The Top Ten Non-Black Owned Products That Black Folk Think Are Black Owned…

in today’s “that shyt don’t match news”

your face on a box does not equate to ownership… it equates to an “endorsement”

Often times, the Black community scratches it’s head when the numbers are heard relating to the TRLLIONS of dollars that are spent YEARLY by the community, but never make it TO the community.

Maybe it’s because the brands you are SO loyal to aren’t owned by you.. a Black face on a box doesn’t equate to ownership people…

Here are the top ten brands that seem to be “Black owned” that Black folks support by the millions without getting any return.

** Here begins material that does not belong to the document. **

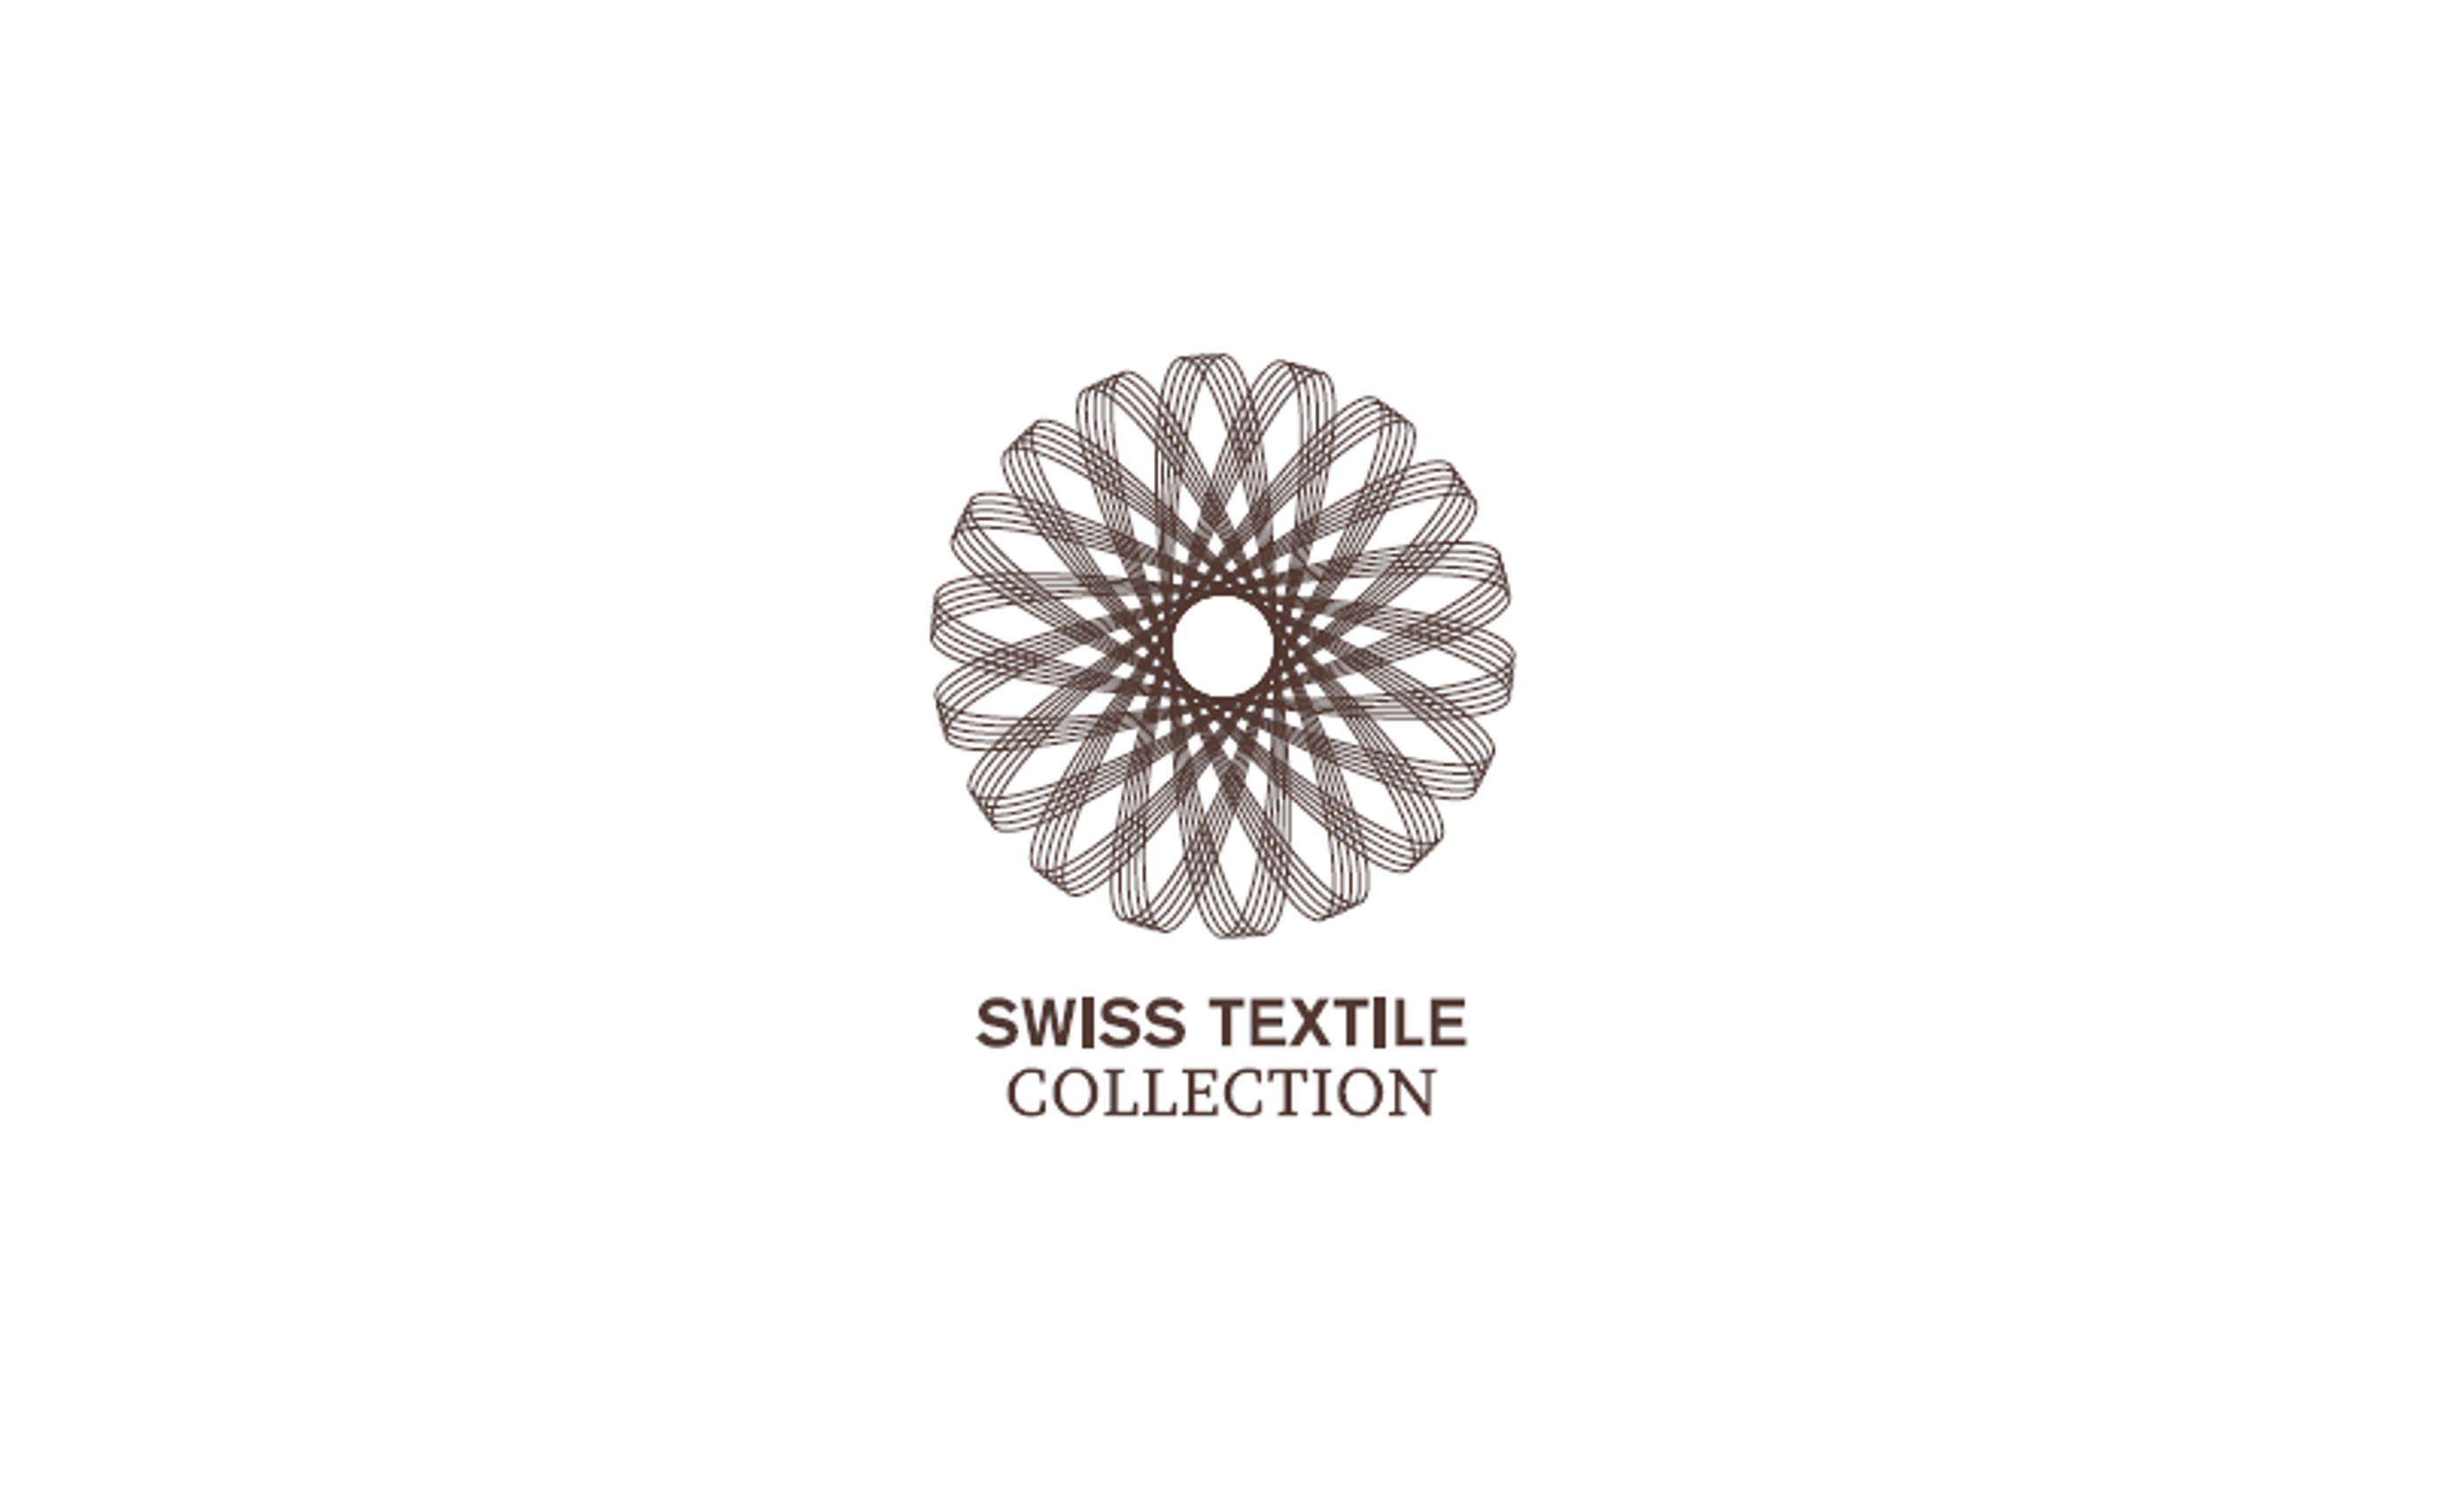 SWISS TEXTILE COLLECTION

10. Black Entertainment Television

If black is in the name, it must be black owned, right? The network was founded by an African American, Robert Johnson, in the ’80s, but in 2003, BET was sold to Viacom, which also owns MTV and VH1. The sale made Johnson one of the first black billionaires. Ballin’!

9. Def Jam Records
The label, born out of a college dorm room and built on MCs like Run-DMC, Jay-Z and Kanye West, is commonly associated with its co-founder, Russell Simmons, who escaped a financial mishap by selling 50 percent of the label to Polygram in 1994. In 1999, Russell sold his stake in the business to Universal Musical Group for $100 million. No wonder the label’s more Rihanna than raps these days.

8. Marc Ecko
If you’re into urban wear, then you may already know that Marc Ecko is a thirtysomething New Jersey native who never tried to pass for black. Instead the man whose line was once considered “too white” or “too black” for some retailers has attracted multiethnic consumers by cleverly targeting urban markets. But where does the rhino fit?

7. Jimmy Jazz (a Hood mainstay)
The 20-year-old company, which has more than 120 stores throughout the United States, housing lines like Baby Phat, Rocawear and Coogi, was founded by James Kherzie. The young Brooklynite opened the store as an alternative outlet for hard-to-find urban brands. Despite hip-hop’s lyrical mentions of the brand, the name is based on the song ‘Jimmy Jazz’ by punk rockers The Clash. London calling?

notice the cover story “How To Be A Rich Black Woman” .. we can only guess it does not mention owning your own media as an option…. #irony

6. Essence Magazine
The publication that was once the second largest black publication hasn’t been black owned since the remaining minority stake in Essence Communications Inc. was sold to Time Inc. in 2005. The corporation originally purchased 49 percent of the popular African American publication in 2000, leaving the style bible in the hands of a man more partial to Brooks Brothers than Carol’s Daughter.

5. ‘The Game’
The popular CW show, which is set to have second life on BET, was created by Mara Brock Akil, but one of the producers behind the black dramedy is Kelsey Grammer. Grammer is best known for his role on ‘Cheers’ as Frasier, and his production Grammnet was also responsible for the African American comedy ‘Girlfriends.’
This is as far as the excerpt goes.